When Wihdat al-Qa'idah group was expelled, it began to openly criticize the leadership of Mahmud. A sizeable section of the party cadres sided with it. Moreover, it recruited new followers in the Iraqi diaspora in France and UK. The group also began publishing its own version of Tariq ash-Sha'ab ('People's Path', the name of the main organ of the pre-split party).

In September 1976 Wihdat al-Qa'idah held a party conference attended by important members of pre-split the Iraqi Communist Party – Central Command as well as some independent Iraqi Marxists. Participants consisted both of party activists living inside Iraq and those in exile. Instead of a general secretary's report, the editorial board of Wihdat al-Qa'idah presented their report to the conference. The conference elected a Central Organising Board, i.e. a provisional party leadership. The conference decided to continue the publication of Wihdat al-Qa'idah, and initiate a Kurdish publication as well. After the congress the party also began publishing an internal party organ, al-Kadir ash-Shiu'i.
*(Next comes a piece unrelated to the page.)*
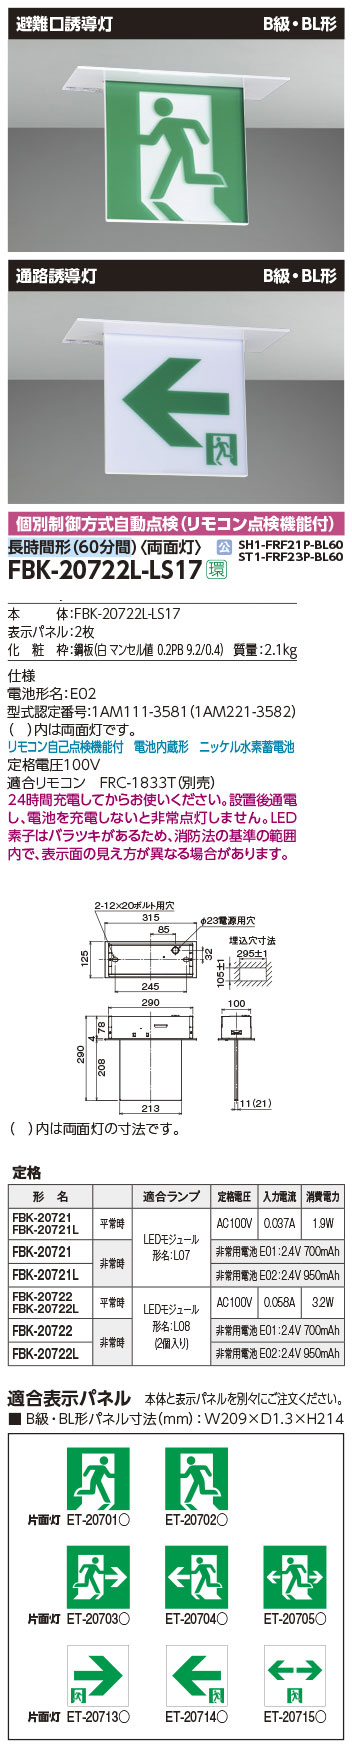 FBK-20702-LS17 || LED誘導灯本体 東芝 【天井・壁直付形/天井吊下形
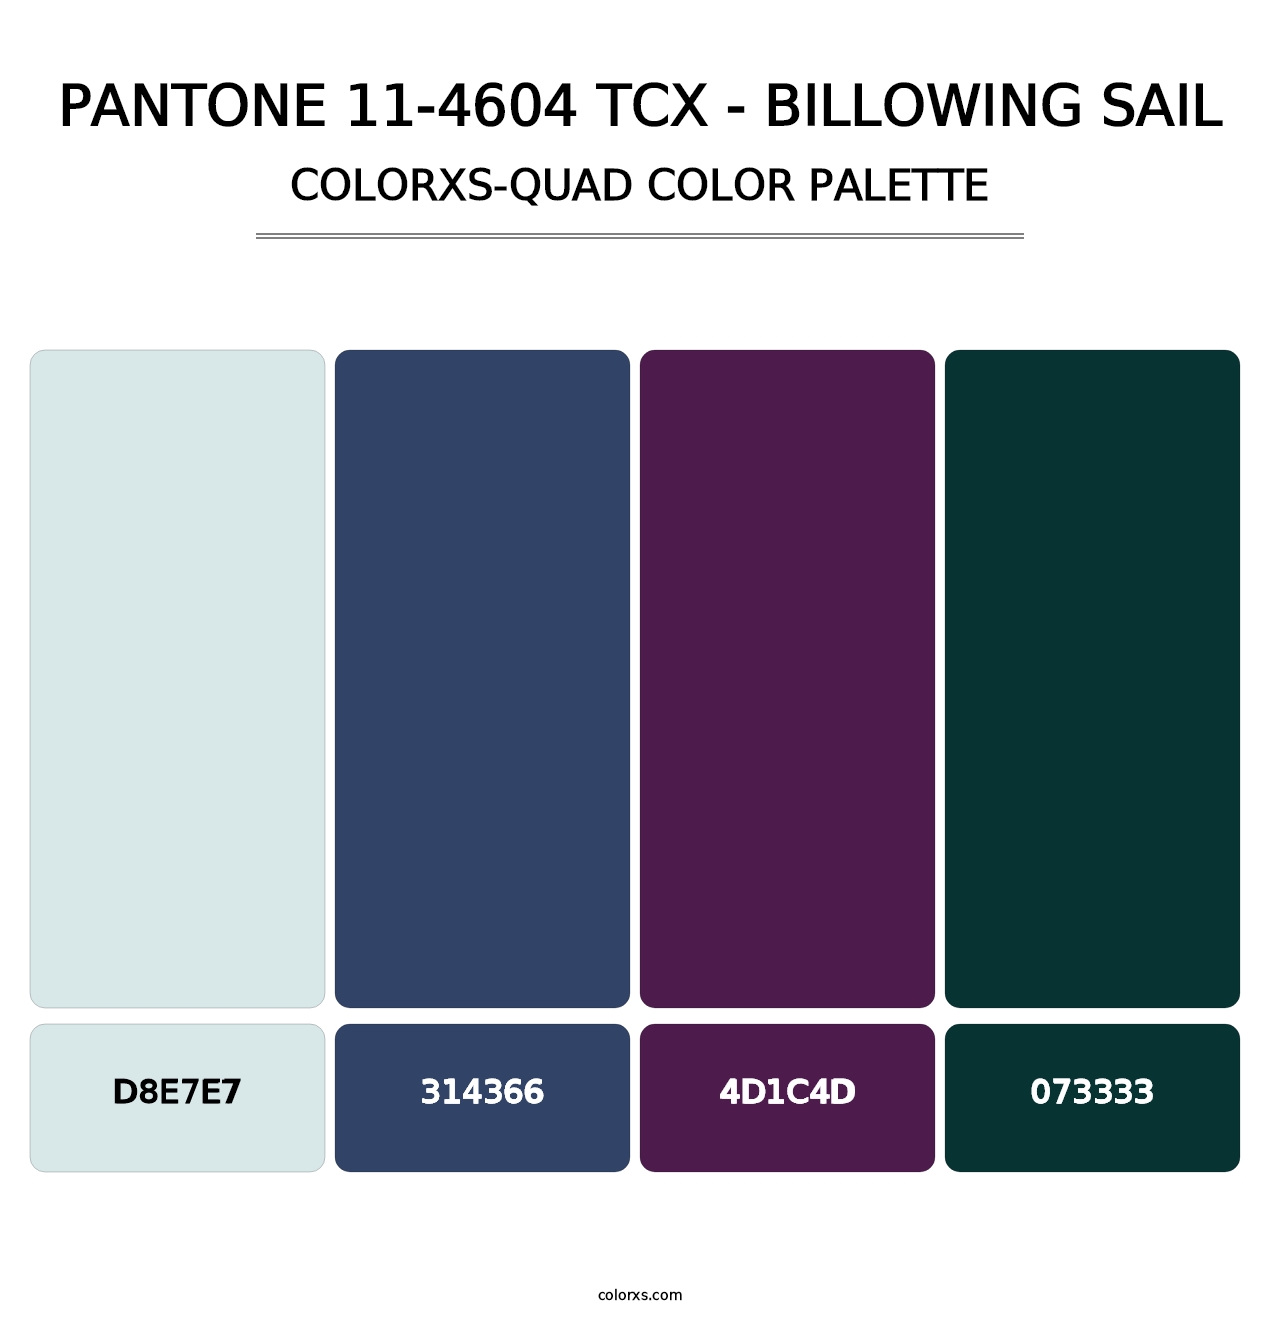 PANTONE 11-4604 TCX - Billowing Sail - Colorxs Quad Palette

The party reaffirmed its Marxist-Leninist foundations. It stated that the political order in Iraq was a form of comprador state capitalism. It blamed the 'reformist' leadership of the Iraqi Communist Party for enabling the Baathists to seize and remain in power in Iraq. Moreover, the party condemned the Soviet Union. On the issue of Arab nationalism, the analysis of the party stated that the Iraqi communists traditionally had failed to grasp the anti-imperialist characteristics of Arab nationalism. The party also issued support for the Kurdish right of self-determination, and called for communists to lead popular armed struggle in Kurdistan.

After the September 1976 conference the party continued to expand its membership, primarily in Britain and France.

In 1978 and early 1979, sectors of the party began to adopt the Three Worlds Theory of Mao Zedong.

In 1979, the Baathist regime contacted the party and offered them an alliance. At the time the Baathists were in the process of breaking their alliance with the Iraqi Communist Party. The invitation sparked a split in the party, and effectively the party was divided into two separate parties. Both claimed to the legitimate heirs of the legacy of the party and both of them publishing their own version of Wihdat al-Qa'idah. One of the groups now adhered to the Three Worlds Theory.

Both groups disappeared in the early 1980s. Adil Mahdi and his followers turned into Shi'a Islamists, initially supporting the Iranian president Abolhassan Banisadr and later supporting the line of Ayatollah Khomeini. Mahdi later became Vice President of Iraq.